━━ Information shown ━━

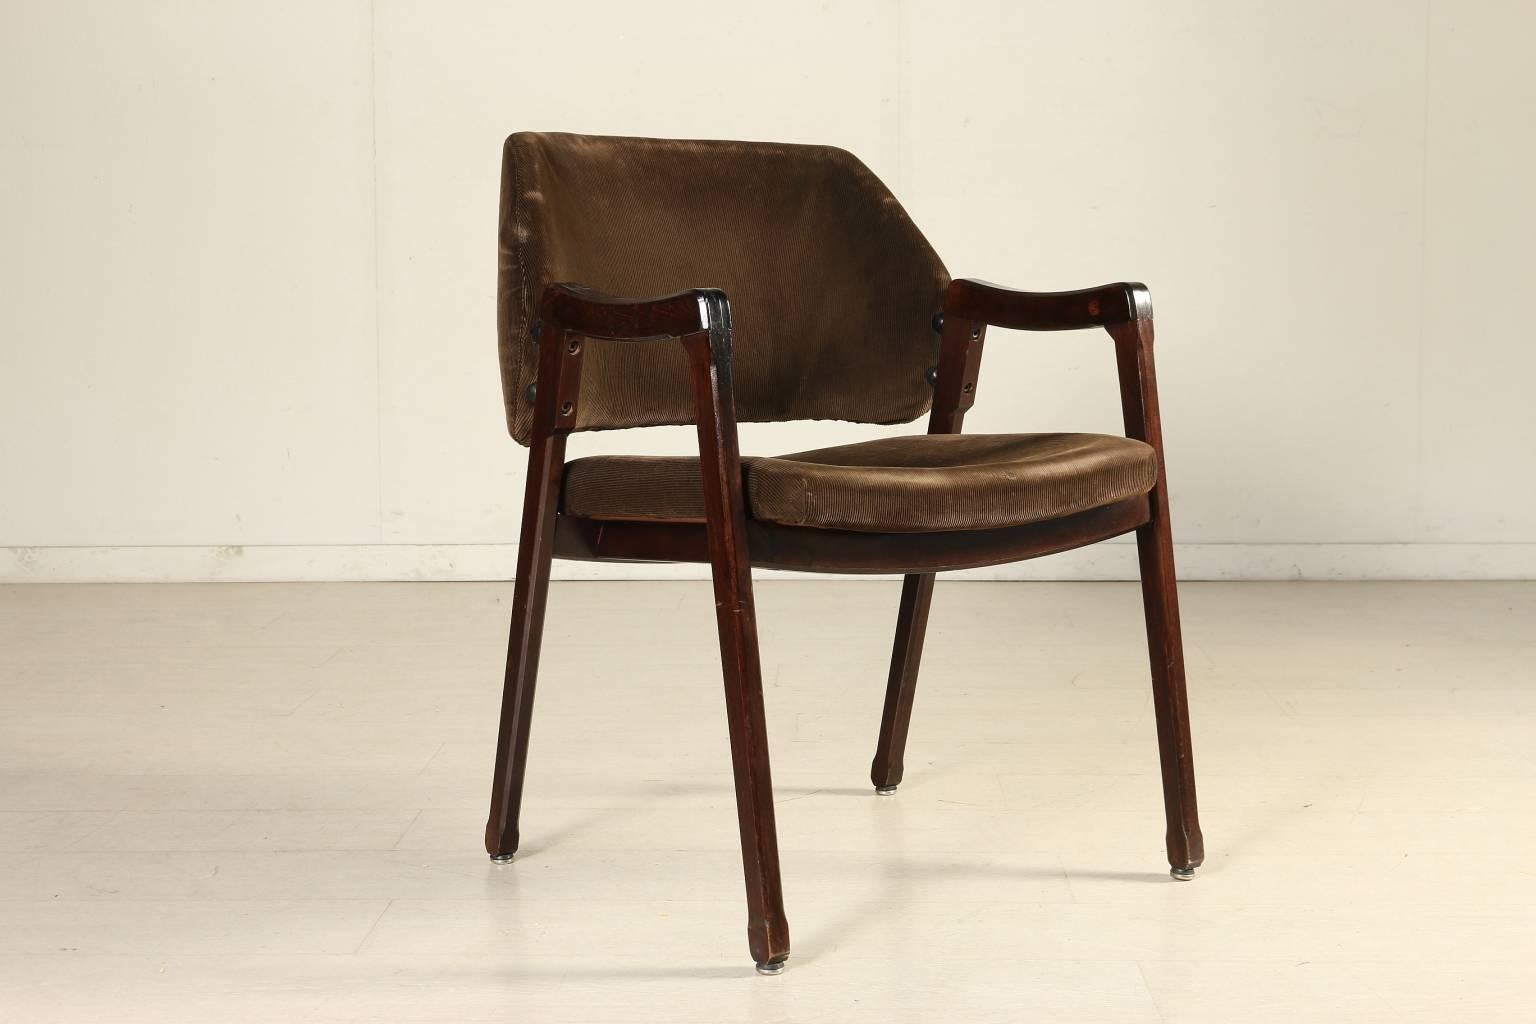 A chair designed by Ico Parisi for Cassina, model 814. Rosewood, foam padding, velvet upholstery. Manufactured in Italy, 1960s.
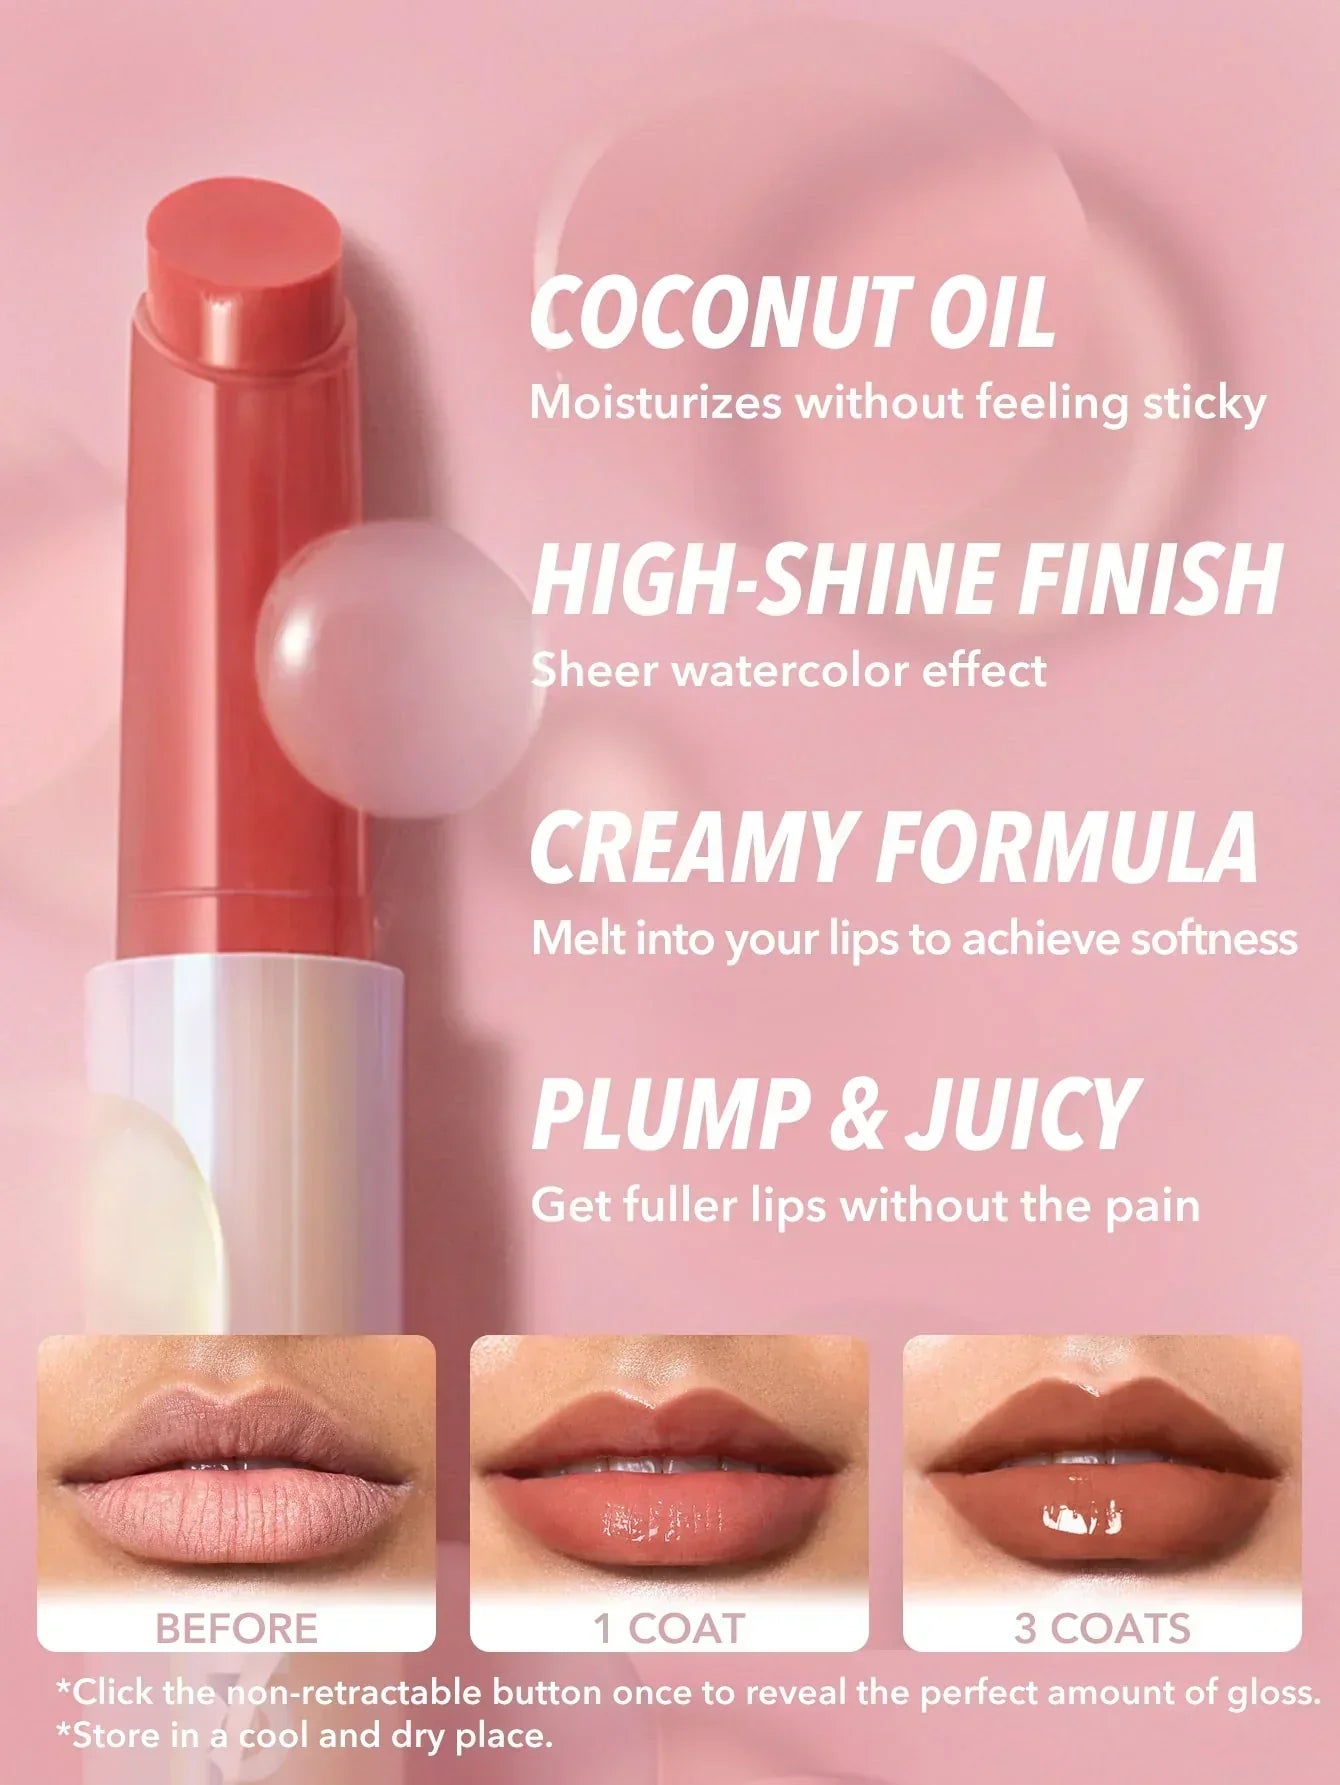 SheGlam Pout-Perfect Shine Lip Plumper | In Bloom
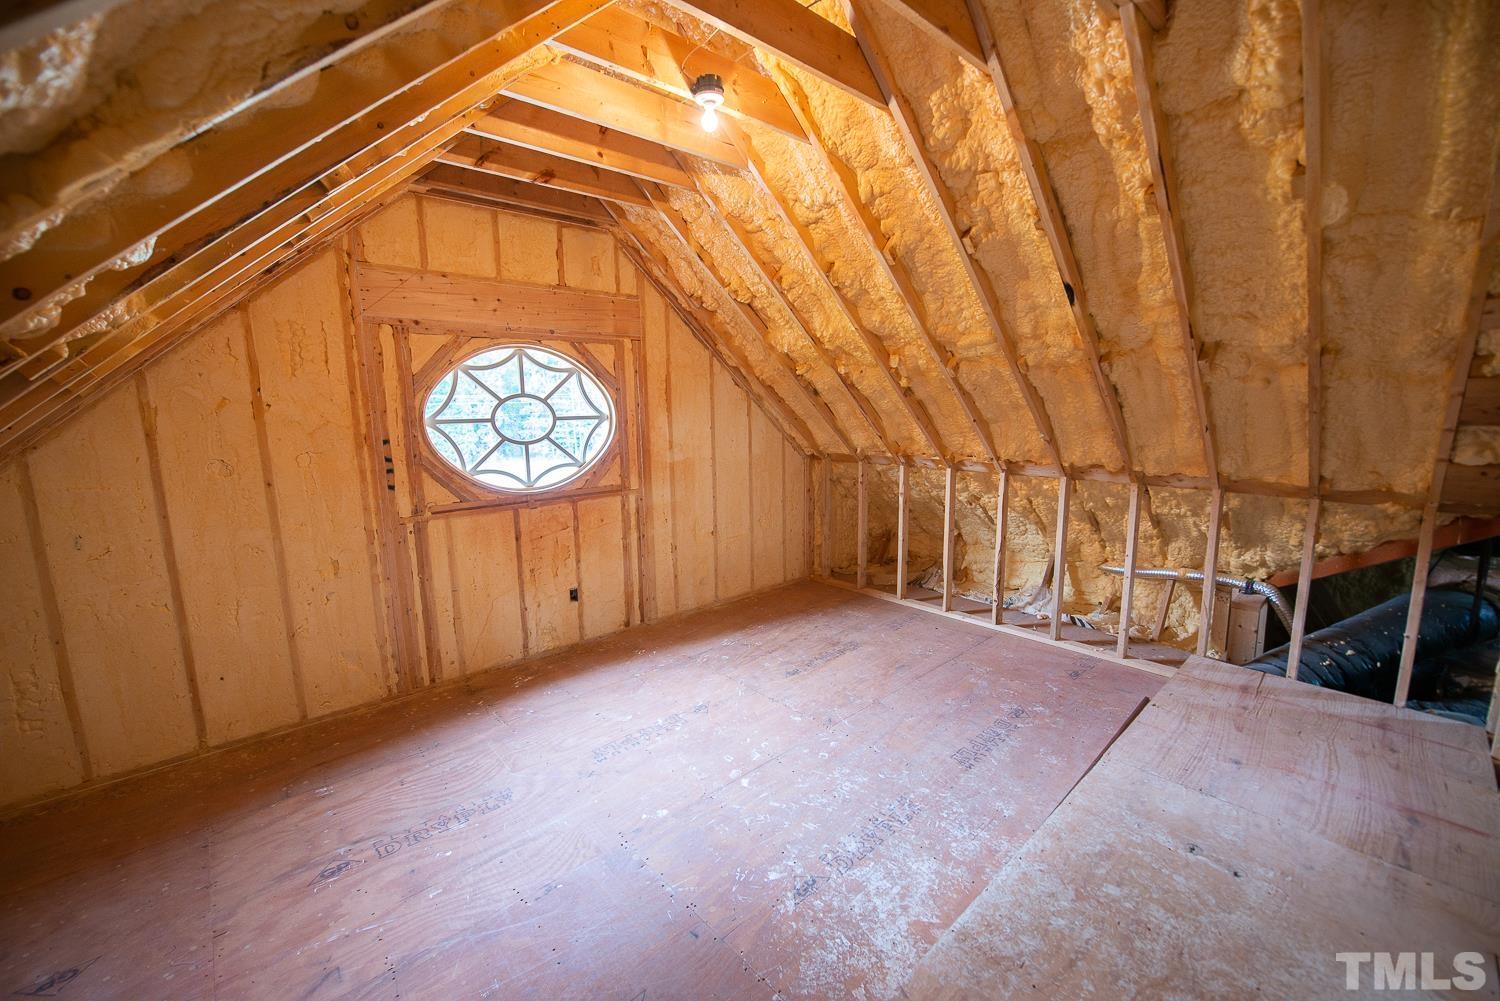 This attic is off from the bonus room. There are 7 attic spaces in the home. This is one that could be finished into expandable space in the future. You can also see the spray foam insulation in the walls. It keeps the attic cooler in the summer months.
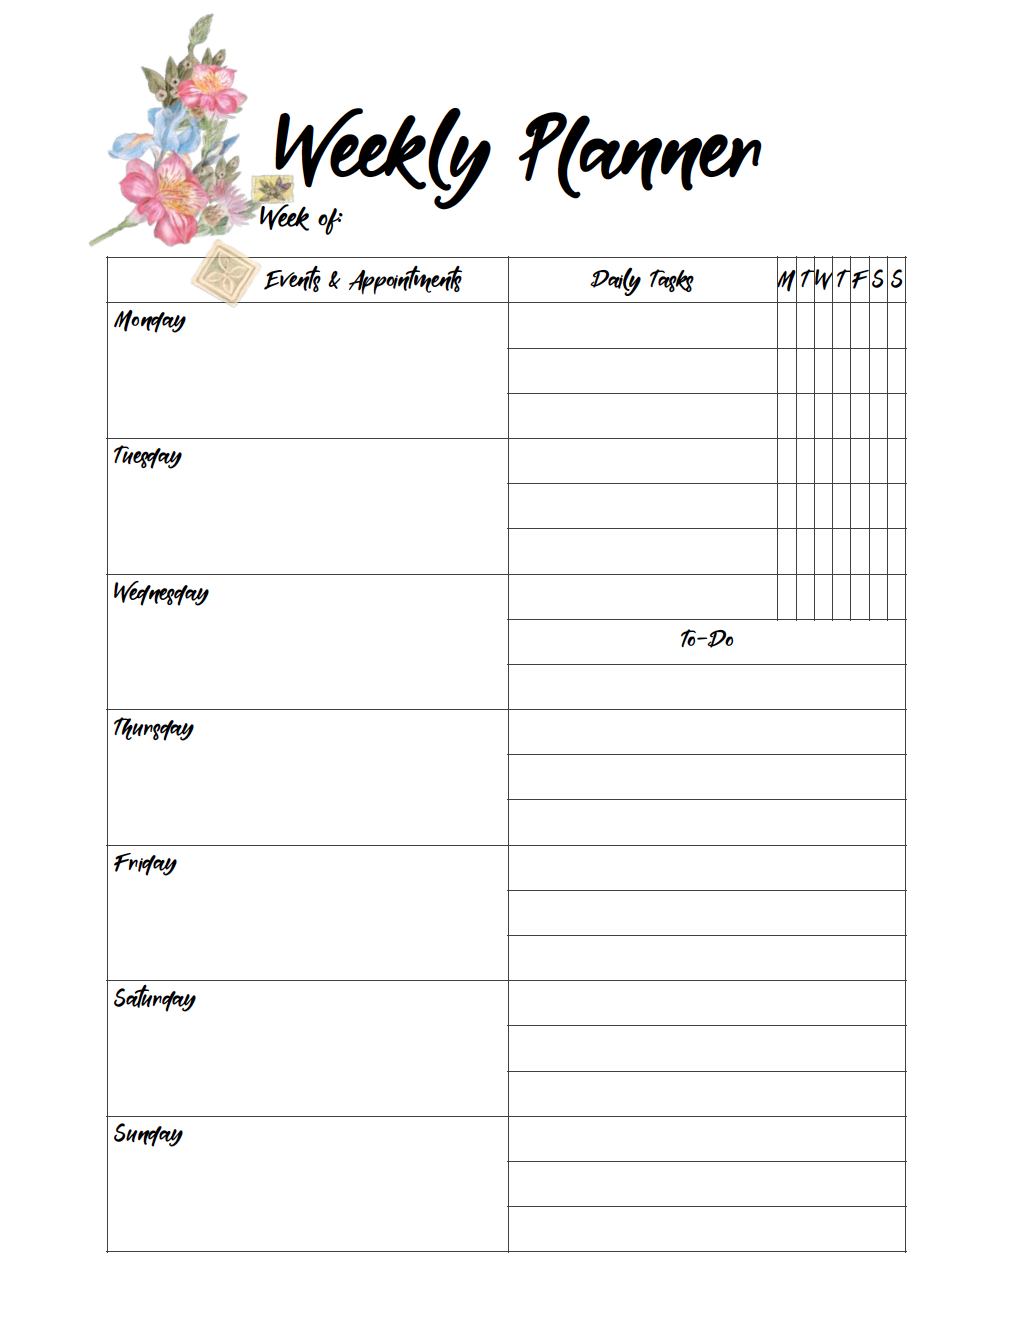 Free Printable Weekly Planners: Monday Start - Free Printable Weekly Planner

━━━

Problem details: Repeat the data in full, exactly as it stands, but drop every picture.

Written response:
 A chair designed by Ico Parisi for Cassina, model 814. Rosewood, foam padding, velvet upholstery. Manufactured in Italy, 1960s.
 SheGlam Pout-Perfect Shine Lip Plumper | In Bloom
 This attic is off from the bonus room. There are 7 attic spaces in the home. This is one that could be finished into expandable space in the future. You can also see the spray foam insulation in the walls. It keeps the attic cooler in the summer months.
 Free Printable Weekly Planners: Monday Start - Free Printable Weekly Planner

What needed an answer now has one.